Practice item. Set the material below down again exactly, with no pictures.
### Dataset content
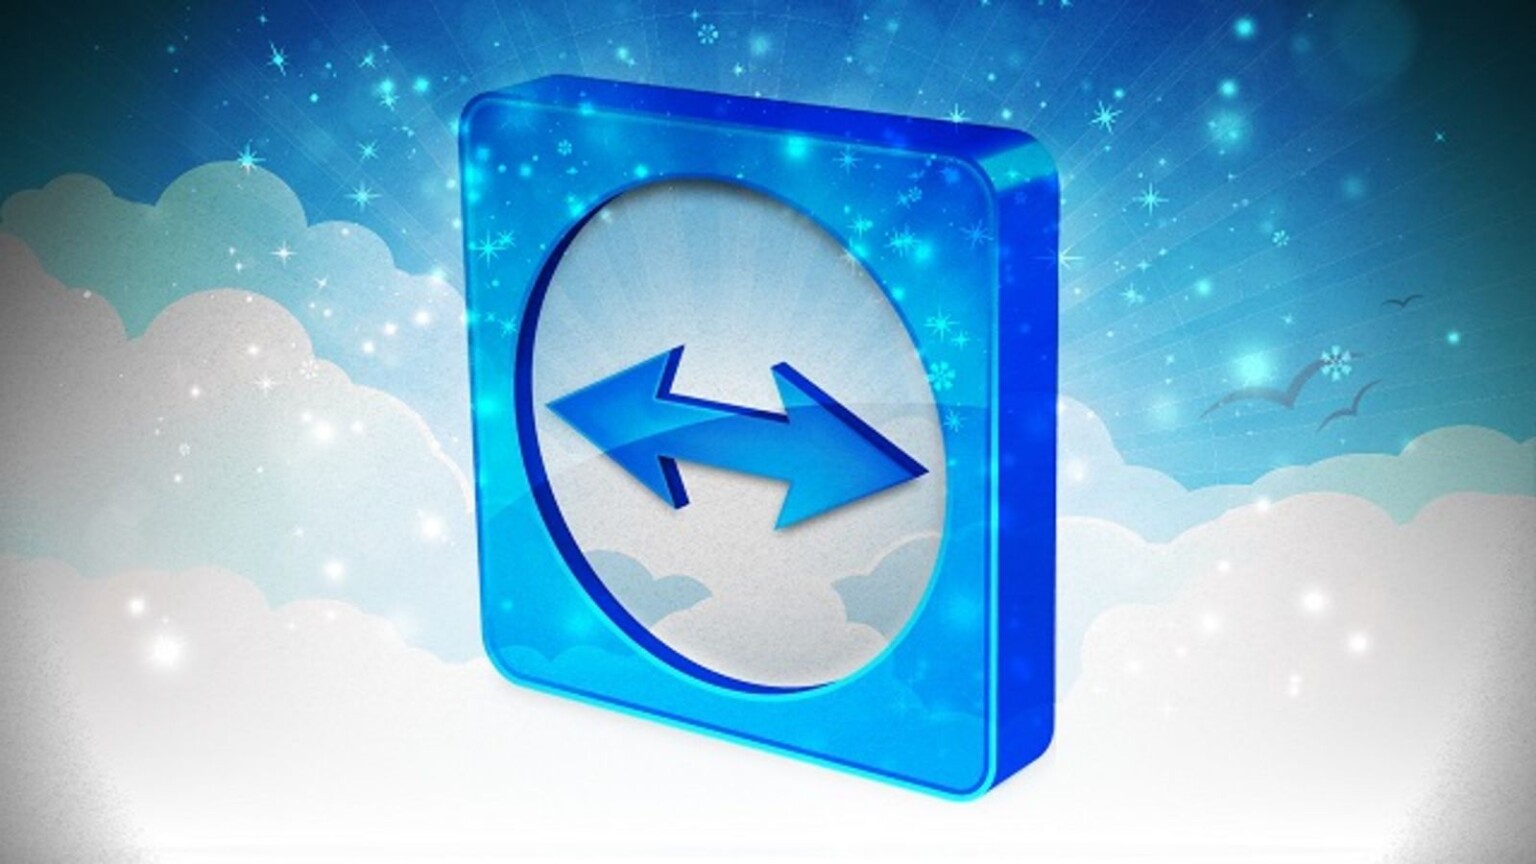 teamviewer alternatives android
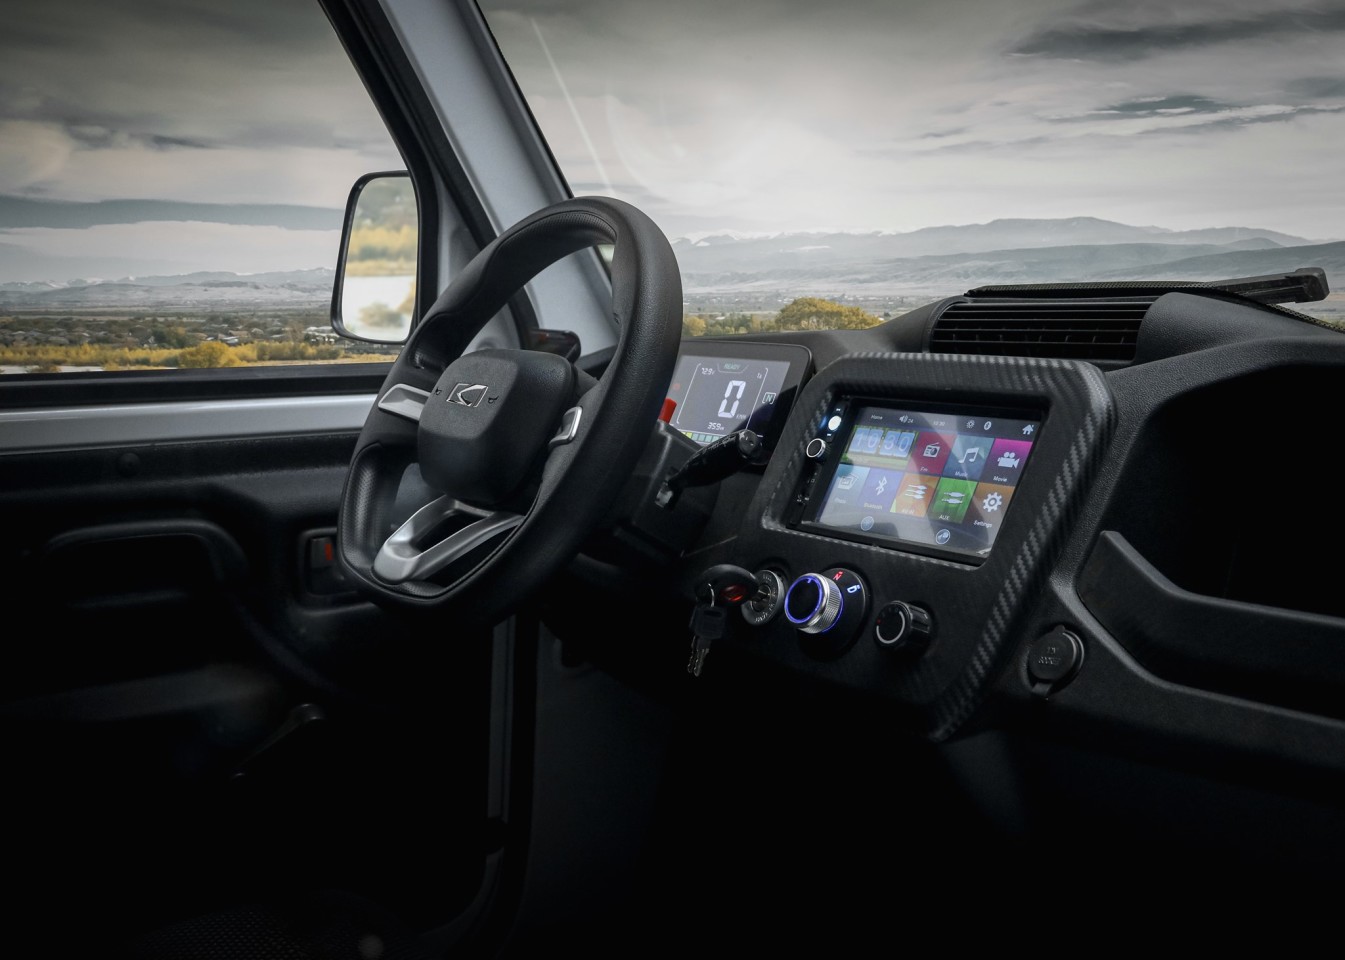 The Pickman XR features a multimedia LCD infotainment touchscreen display
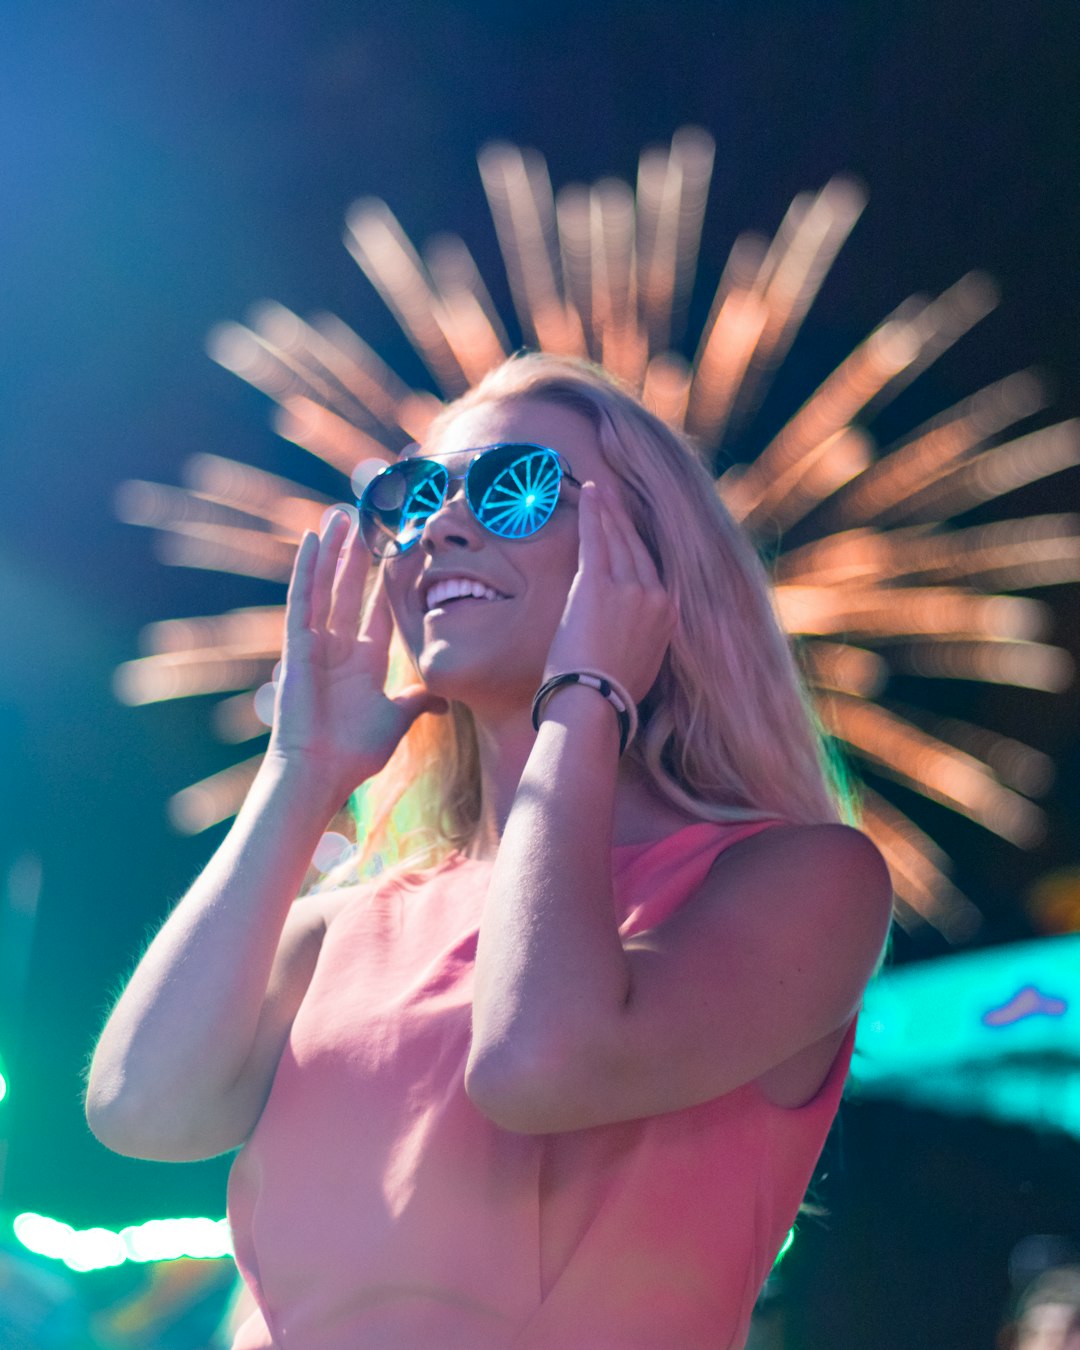 woman wearing sunglasses looking on fireworks during night time
######
■ **Answer to the problem**
 teamviewer alternatives android
 The Pickman XR features a multimedia LCD infotainment touchscreen display
 woman wearing sunglasses looking on fireworks during night time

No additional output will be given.